We used STITCH to build a metabolic network of correlated differential metabolites to examine their interactions. Figure 1D shows that all these metabolites are interconnected, either directly or indirectly. Strong interactions were observed between the linoleic acid amide, petroselaidic acid (C18-1 T), oleamide, and oleoyl ethanolamide (all interaction scores >0.9).
KEGG pathway enrichment analysis was performed by Fisher’s exact test to identify metabolic and signal transduction pathways significantly associated with chemo sensitivity in lung cancer patients. The results showed that ABC transporters, biosynthesis of unsaturated fatty acids, glutathione metabolism, and histidine metabolism pathways were significantly enriched (Figures 1E,F).
Our GSEA analysis of differential metabolites revealed significant enrichment in metabolic pathways, biosynthesis of amino acids, ABC transporters, and bile secretion pathways (Supplementary Figures 1C–F). Furthermore, AUC (area under the ROC curve) analysis revealed several metabolites with high sensitivity and specificity in differentiating lung cancer patients with chemotherapy sensitive from those with insensitive, including dodecanamide (AUC = 0.927), N-methyl-aspartic acid (AUC = 0.920) (Figure 1G).

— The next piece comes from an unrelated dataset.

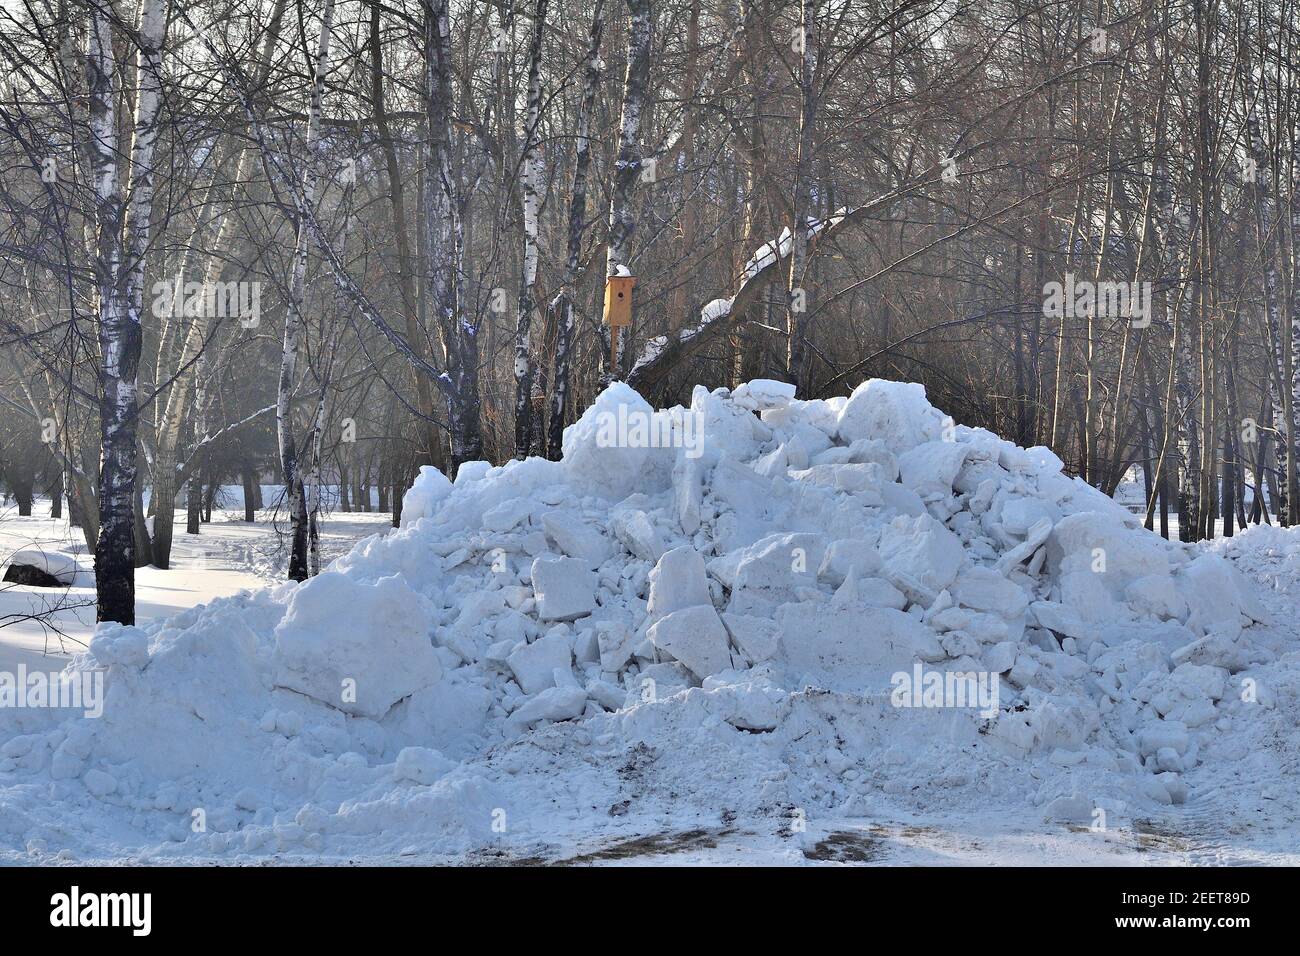 Snowdrift dans le parc de la ville. Les services municipaux communaux nettoient la neige sur les routes et les allées du parc de la ville. Forte dérive de neige après une chute de neige ou un blizzard Banque D'Images

Differential airway microbiome in BALF between chemotherapy-sensitive and chemotherapy-insensitive patients
In the present microbiome investigation, we successfully performed PCR amplification of the 16S rDNA gene, specifically targeting the V3–V4 regions, across all collected samples. The Venn diagram depicted in Figure 2A, derived from the ASV table data, visually represents the quantity of shared and unique ASVs for each group. The analysis revealed that the two groups shared 1,116 ASVs, with the sensitive group possessing 3,741 ASVs and the insensitive group possessing 2,719 ASVs.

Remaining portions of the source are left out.